5 清光:清澈明亮之光,既指雨霁云开时天光月华,更喻自性本具之清净光明,佛典常以“心月孤圆”喻真心。
6 寄夙心:“夙心”谓平素所持之志向或本然之心,此处指禅者不随境转、恒常昭明之觉性。
7 收拾闲情:非世俗之闲散,乃禅林所谓“放舍万缘”后的自在从容,如《景德传灯录》云:“但尽凡情,别无圣解。”
8 付明月:以明月为媒介,将情思托寄,化无形心绪为可感清辉,承袭王维“明月松间照”之静观传统,更具禅者物我两忘之境。
9 寒炉:冬夜取暖之炉,然诗中时令为“春雨”,故“寒”字兼写气候之微凉与心境之寂然,亦暗喻修行中冷暖自知之实证。

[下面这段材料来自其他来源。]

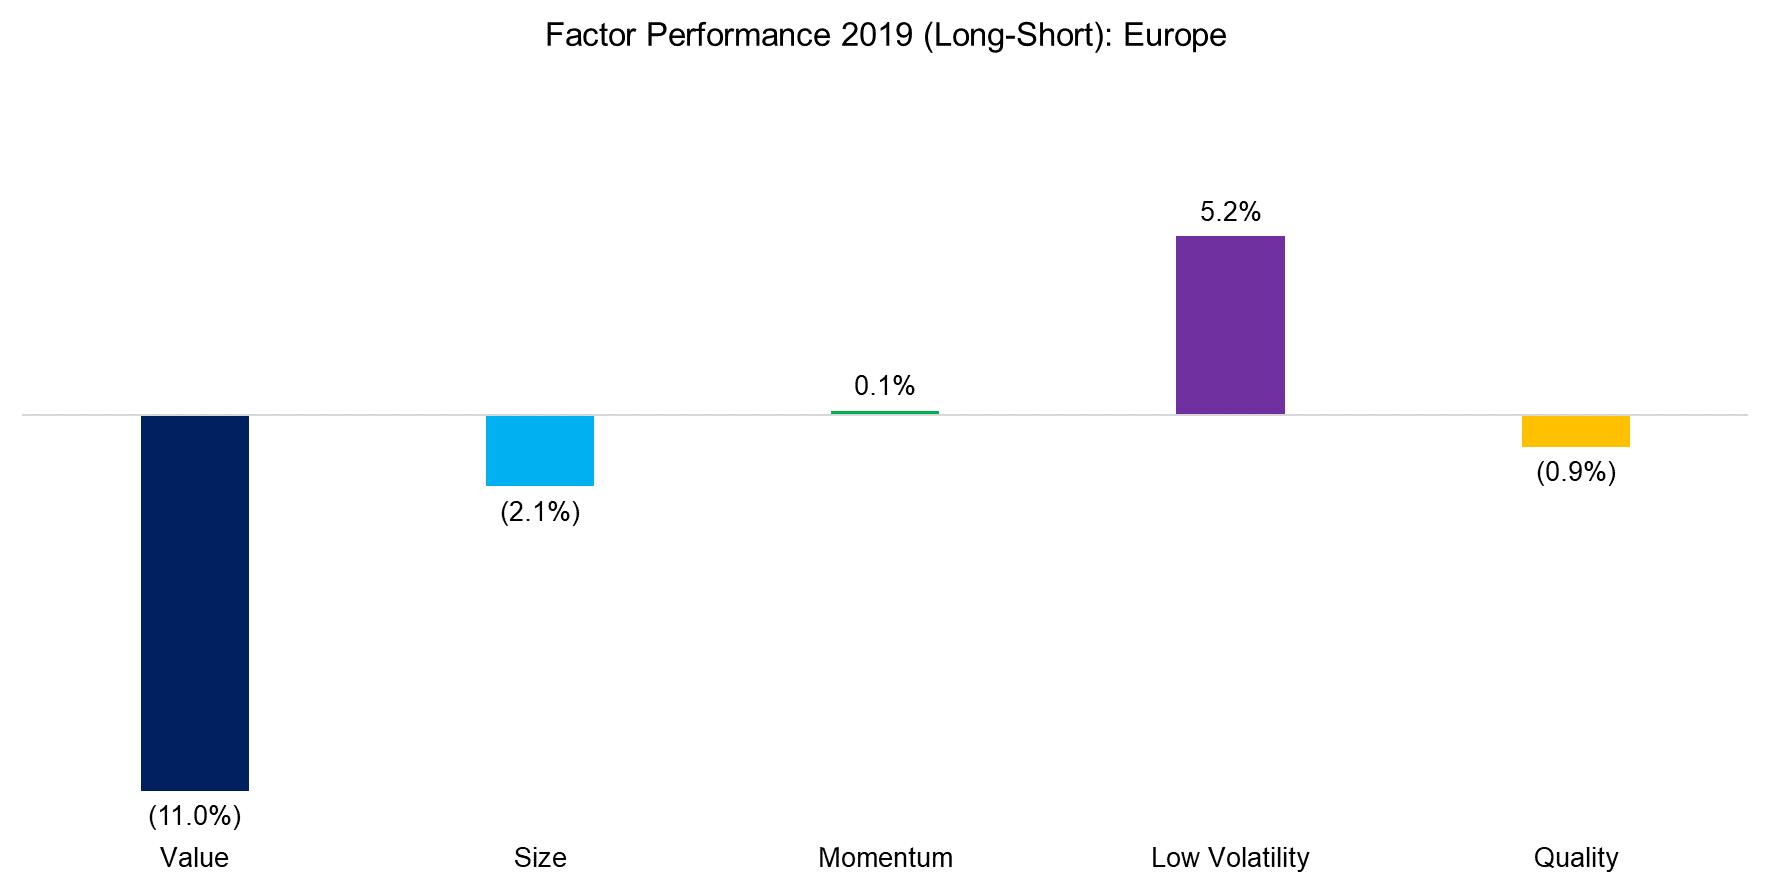 Factor Performance 2019 (Long-Short) Europe

10 拥被又成吟:“拥被”状就枕未眠之态,“又成吟”呼应诗题“未能再题一首”而实已吟就,透出禅者言语道断却妙用无穷的活泼机用。
以上为【前诗既成风雨拥窗就枕未能再题一首】的注释。
评析
此诗为明末高僧释函是禅师于风雨夜窗前就枕未眠之际所作,题曰“前诗既成风雨拥窗就枕未能再题一首”,实则已续成新篇,暗含禅者不执、随缘而应的机锋。全诗以“蒙蒙春雨”起兴,以“万峰深”拓开空间之幽邃,继以“清光”点出心性本明之体;后两句由外境返照内心,“收拾闲情”非摒弃尘念,而是以月为镜、以炉为伴,在寒寂中自然流露吟咏之真趣,体现禅诗“即事而真”“触目菩提”的特质。语言简净而意蕴丰赡,无一禅语而禅意盎然,堪称晚明岭南禅诗代表作。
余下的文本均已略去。